Reestructuración

El precio de los bonos de Haya Real Estate se dispara tras anunciar el acuerdo sobre su deuda

El precio del pasivo se dispara al 83% del nominal desde el 79%

El precio de los bonos de Haya Real Estate se dispara tras anunciar el acuerdo sobre su deuda

El gestor de activos inmobiliarios dañados Haya Real Estate ha llegado a un preacuerdo con sus bonistas para ampliar el plazo de vencimiento del pasivo, pagarles más intereses y darles acceso a una parte minoritaria del capital. La cotización de la deuda del servicer propiedad de Cerberus se ha disparado hasta el 83% del nominal desde el 79%. La compañía ha informado a sus inversores a través de un comunicado de que ha llegado a un principio de alianza con representantes de bonistas dueños de la mayoría de esta deuda.

Una de las compañías encargadas de deshacerse del ladrillo y los créditos podridos de la banca y de Sareb –el denominado banco malo–, Haya Real Estate, ha despejado una bola importante para su futuro. Los dueños de los bonos que colocó a finales de 2017, con un saldo vivo de 423,9 millones de euros, llegaron el viernes de la semana pasada a un acuerdo con la compañía y su accionista. Se ampliará el vencimiento de ese pasivo, que en principio expiraba el próximo noviembre, hasta 2025, la empresa les pagará más intereses y además tendrán acceso al capital de la compañía, como publicó CincoDías el pasado 25 de enero. El viernes 28 de enero se hizo oficial.

Cierto es que Haya Real Estate aún tiene flecos por cerrar: "Dicho acuerdo está sujeto a la ejecución de un acuerdo de bloqueo vinculante. La empresa informará al mercado sobre los términos finales una vez acordados", señala en la nota dirigida a los bonistas. Con todo, la reacción en el mercado de la deuda ha sido inmediata, al pasar de cotizar en el 79% del nominal a situarse por encima del 83%.

Deuda 'high yield'

Los bonos de Haya están muy por debajo del grado de inversión, Moody’s le asigna un rating de Caa1, mientras que Standard & Poor’s le concede un CCC+, en ambos casos siete escalones por debajo del grado de inversión. Y su cotización implica  un descuento del 17%. Pero ha tenido momentos mucho peores. Marcó el mínimo poco después del estallido de la pandemia, en abril de 2020, al 65,6% del nominal (véase gráfico).

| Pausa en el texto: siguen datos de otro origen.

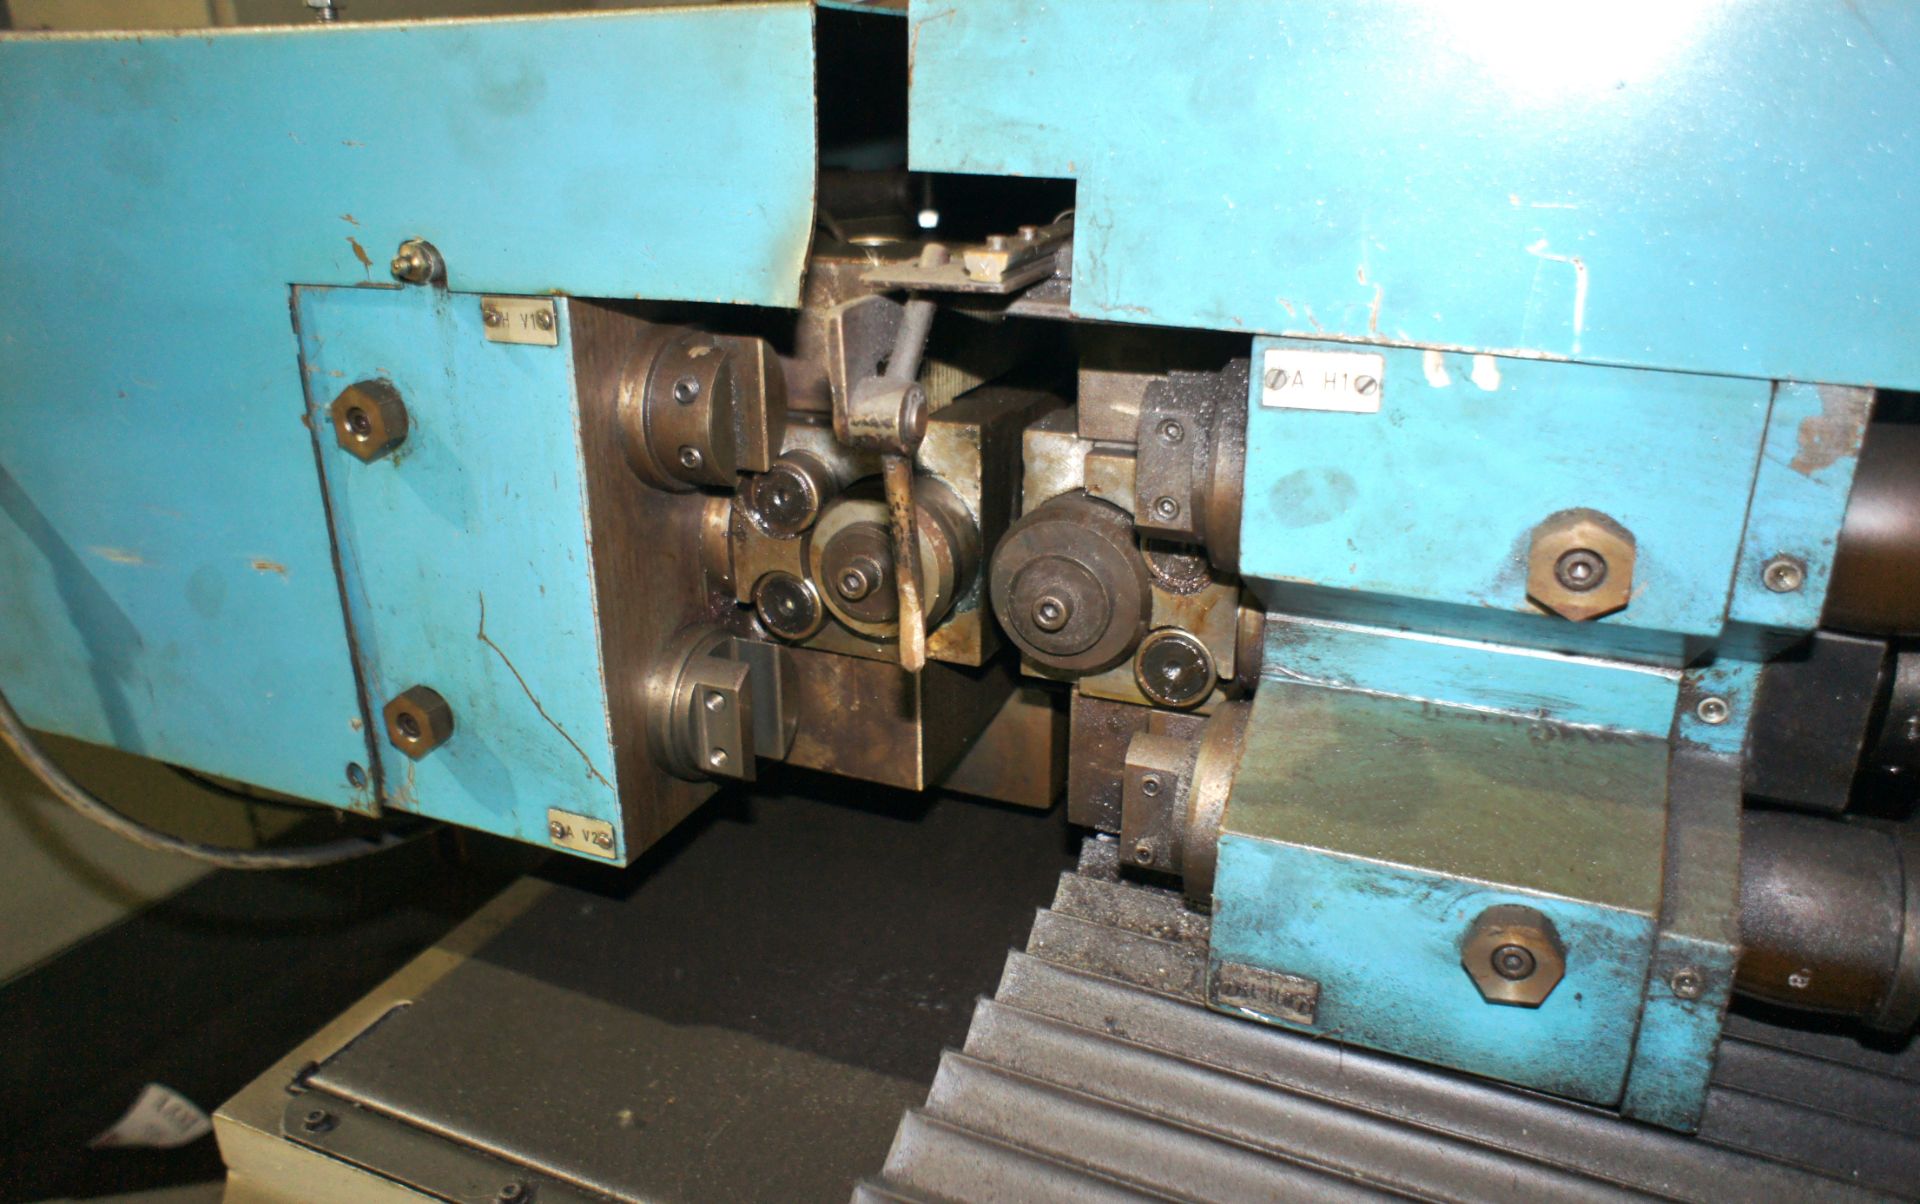 Mummenhoff Technologies PSR 700 automatic smithing and tensioning machine, Serial no. 10309 (2003) - Image 6 of 9

Los dueños de los bonos cuentan con el asesoramiento de PJT y de Latham & Watkins; la compañía ha contratado a Houlihan Lokey y a Linklaters, y Ceberus, a Milbank.

La clave del futuro de la inmobiliaria está en Sareb. Los activos gestionados por Haya Real Estate ascienden a unos 30.000 millones a cierre del pasado junio, de los que alrededor de 12.000 millones correspondían al denominado banco malo. Y este está en pleno proceso de adjudicación de varias de sus carteras.

Haya Real Estate está bien posicionada, pero ha de batirse el cobre con rivales como Altamira (doValue) y Solvia (Intrum), Aliseda (Blackstone) y la firma española Hipoges. Está previsto que Sareb decida en las próximas semanas. Que Haya Real Estate tenga en su poder este acuerdo, a falta de los flecos finales, supone que la empresa ha puesto orden en su estructura financiera y es una carta de presentación para su reelección por Sareb.

Cerberus debe a su filial 88,1 millones de euros por un crédito que Haya le concedió a su dueño en noviembre de 2017, justo después de emitir los bonos por 475 millones de euros. El importe se ha reducido porque la empresa recompró en el mercado deuda en 2020 por un nominal de 51,5 millones con un descuento del 15%.